When you do this, users cannot install a USB storage device on the computer. To assign a user or group Deny permissions to the Usbstor.pnf and Usbstor.inf files, follow these steps: 1. Start Windows Explorer, and then locate the %SystemRoot%\Inf folder. 2. Right-click the Usbstor.pnf file, and then click Properties. 3. Click the Security tab. 4. In the Group or user names list, add the user or group that you want to set Deny permissions for. 5. In the Permissions for UserName or GroupName list, click to select the Deny check box next to Full Control.

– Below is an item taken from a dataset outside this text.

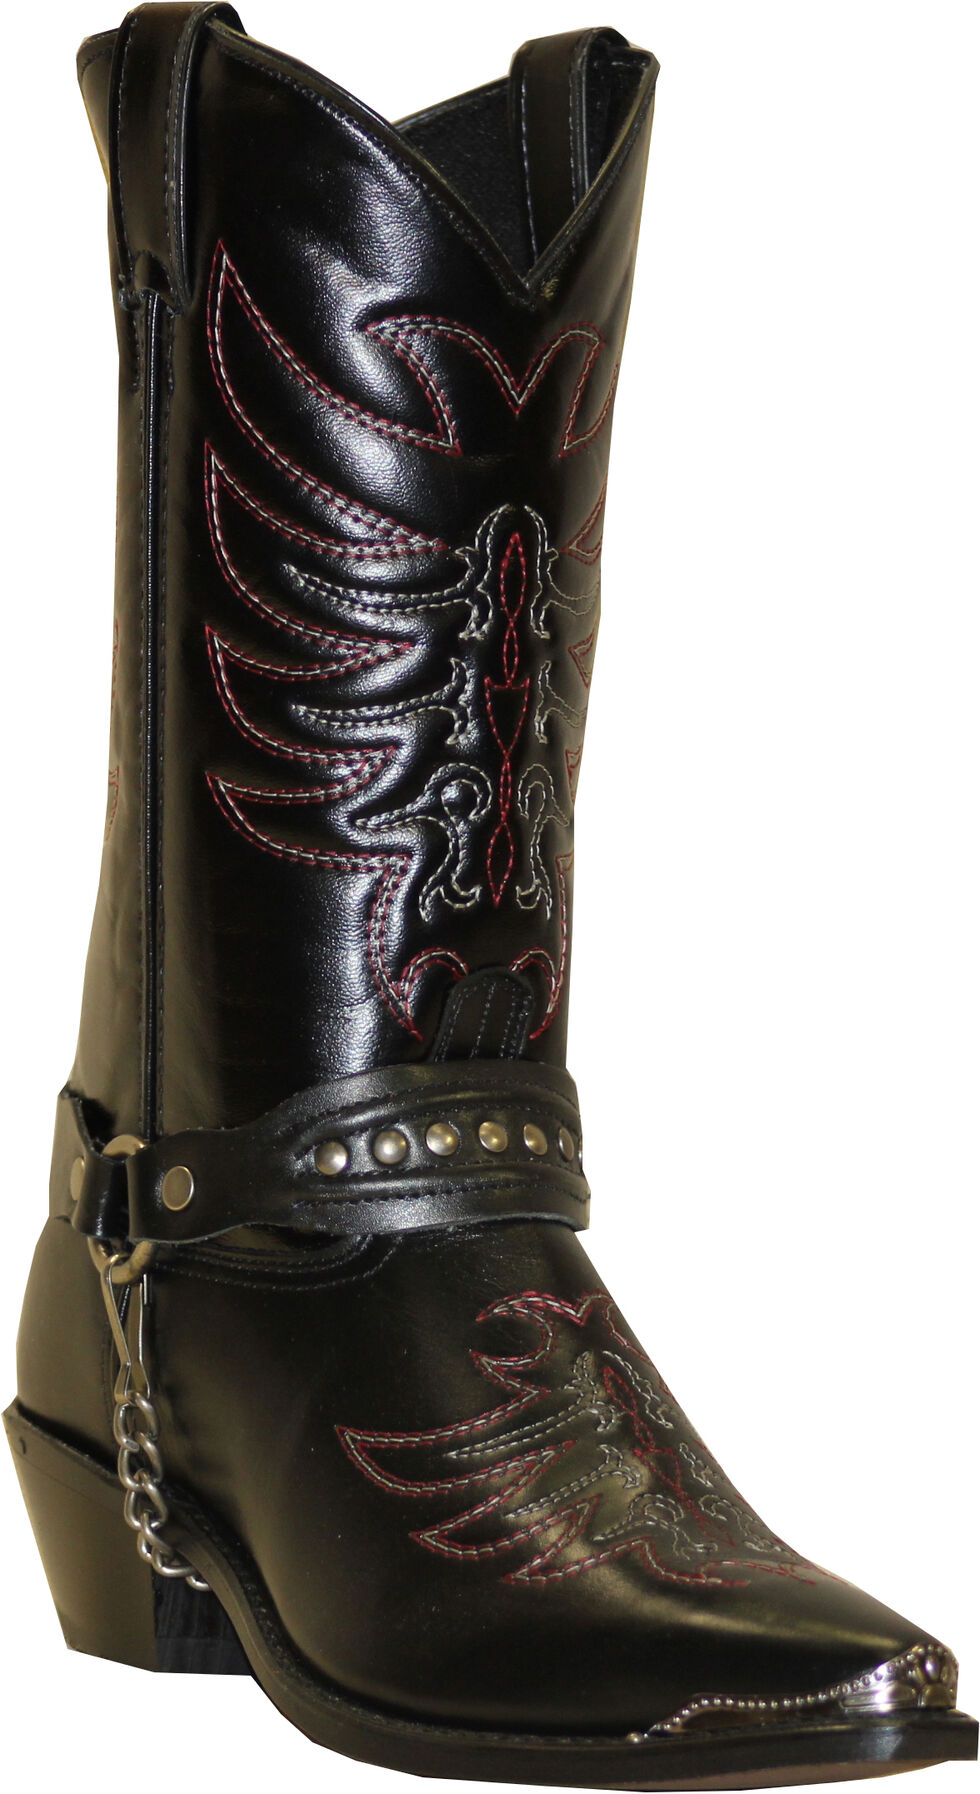 Sage by Abilene Boots Men's Scorpion Harness Boots, Black, hi-res

Note Also add the System account to the Deny list. 6. In the Group or user names list, select the SYSTEM account. 7. In the Permissions for UserName or GroupName list, click to select the Deny check box next to Full Control, and then click OK. 8. Right-click the Usbstor.inf file, and then click Properties. 9. Click the Security tab. 10. In the Group or user names list, add the user or group that you want to set Deny permissions for. 11. In the Permissions for UserName or GroupName list, click to select the Deny check box next to Full Control. 12. In the Group or user names list, select the SYSTEM account. 13. In the Permissions for UserName or GroupName list, click to select the Deny check box next to Full Control, and then click OK.